══ EXERCISE DATA
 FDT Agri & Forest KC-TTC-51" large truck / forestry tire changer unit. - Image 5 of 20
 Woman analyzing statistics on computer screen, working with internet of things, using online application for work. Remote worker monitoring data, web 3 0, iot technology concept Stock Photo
════
══ EXERCISE DATA
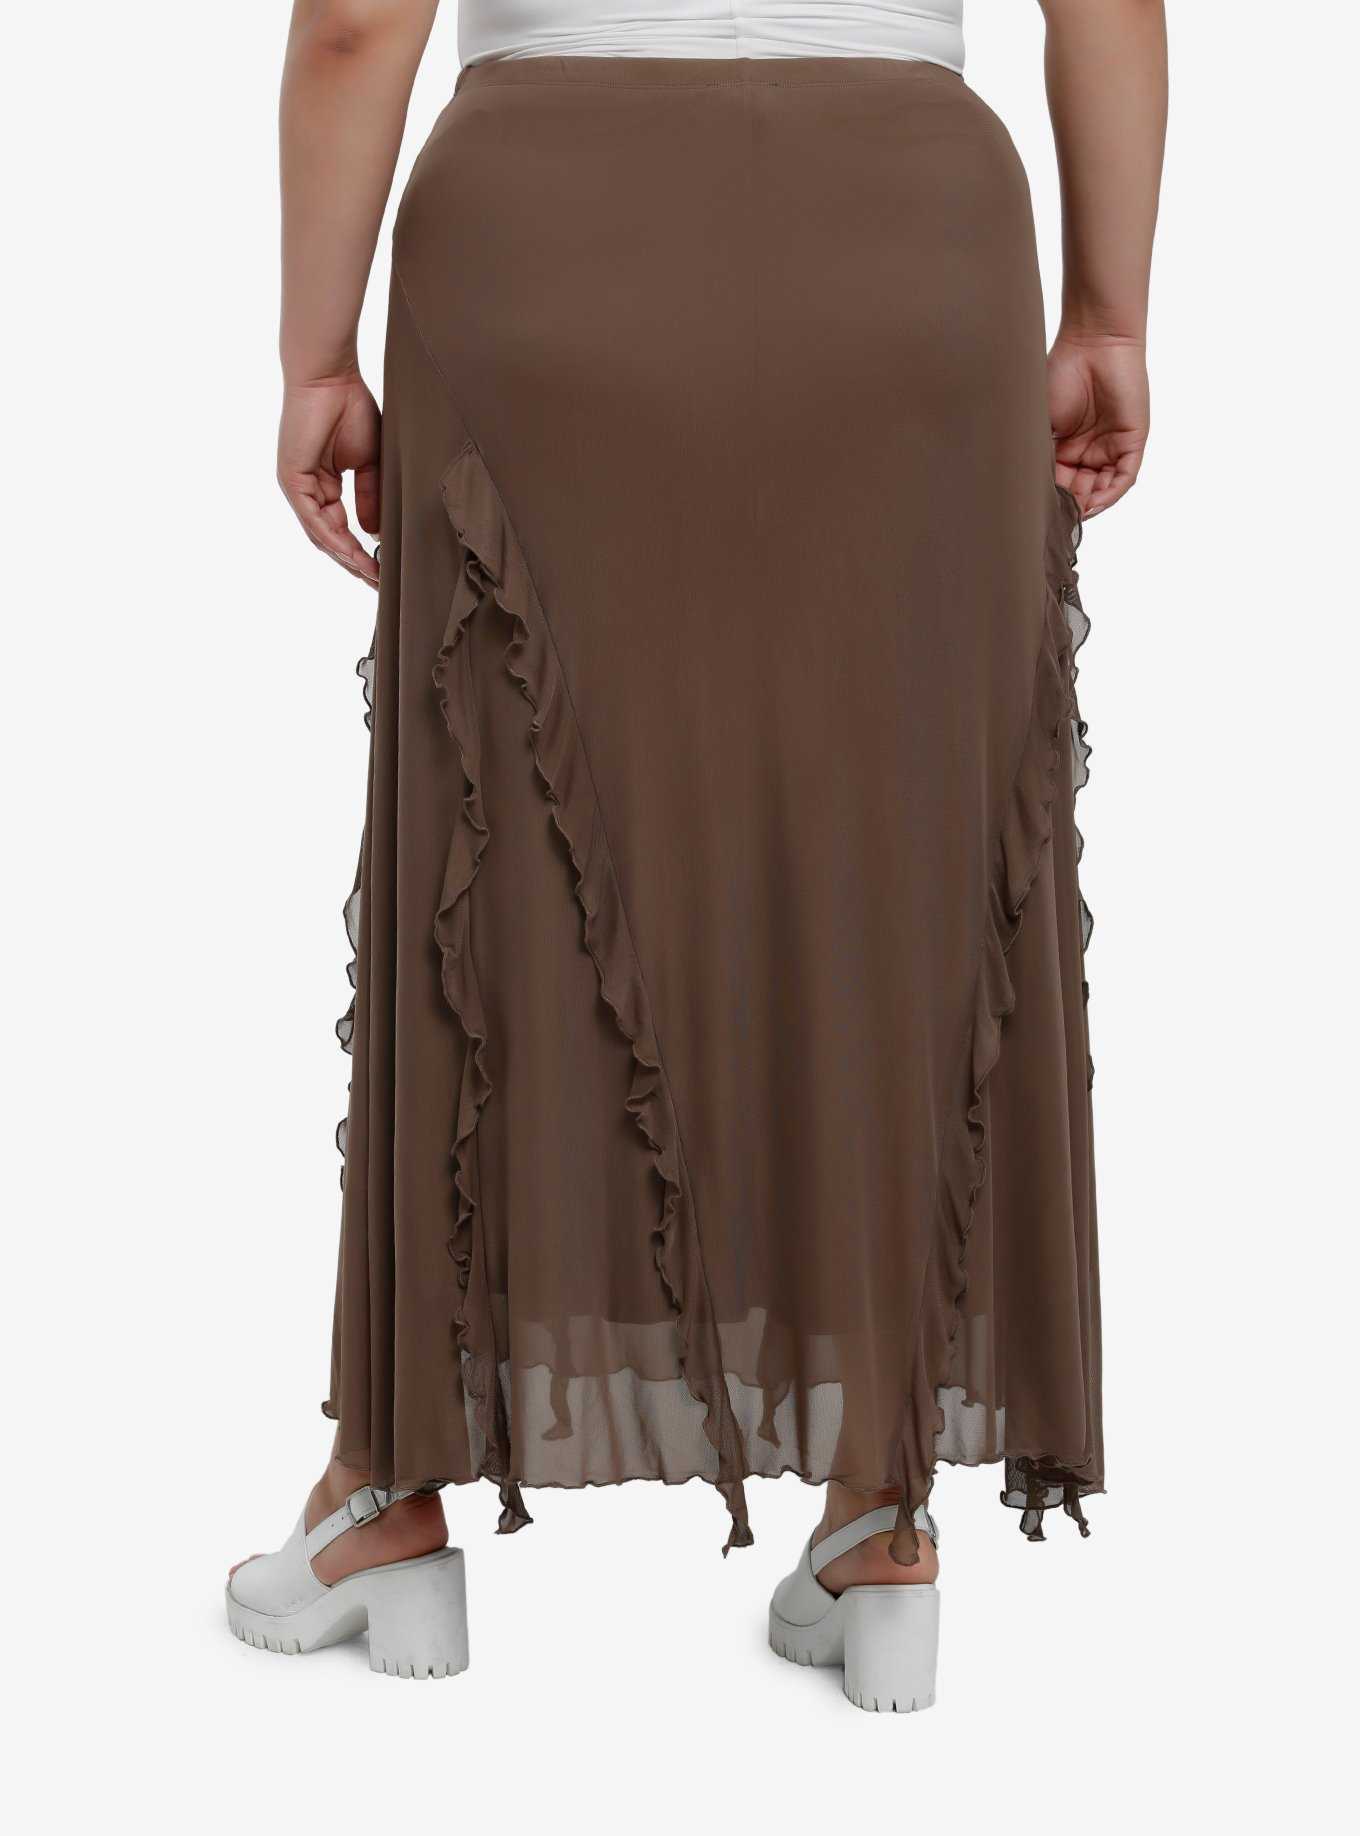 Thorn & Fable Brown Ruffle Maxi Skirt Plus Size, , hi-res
════
# DIRECTIONS
When you reach the line containing "FDT Agri & Forest" in the data above, start copying exactly, and stop after the line containing "Woman analyzing statistics".

# RESPONSE FOR THIS EXERCISE
 FDT Agri & Forest KC-TTC-51" large truck / forestry tire changer unit. - Image 5 of 20
 Woman analyzing statistics on computer screen, working with internet of things, using online application for work. Remote worker monitoring data, web 3 0, iot technology concept Stock Photo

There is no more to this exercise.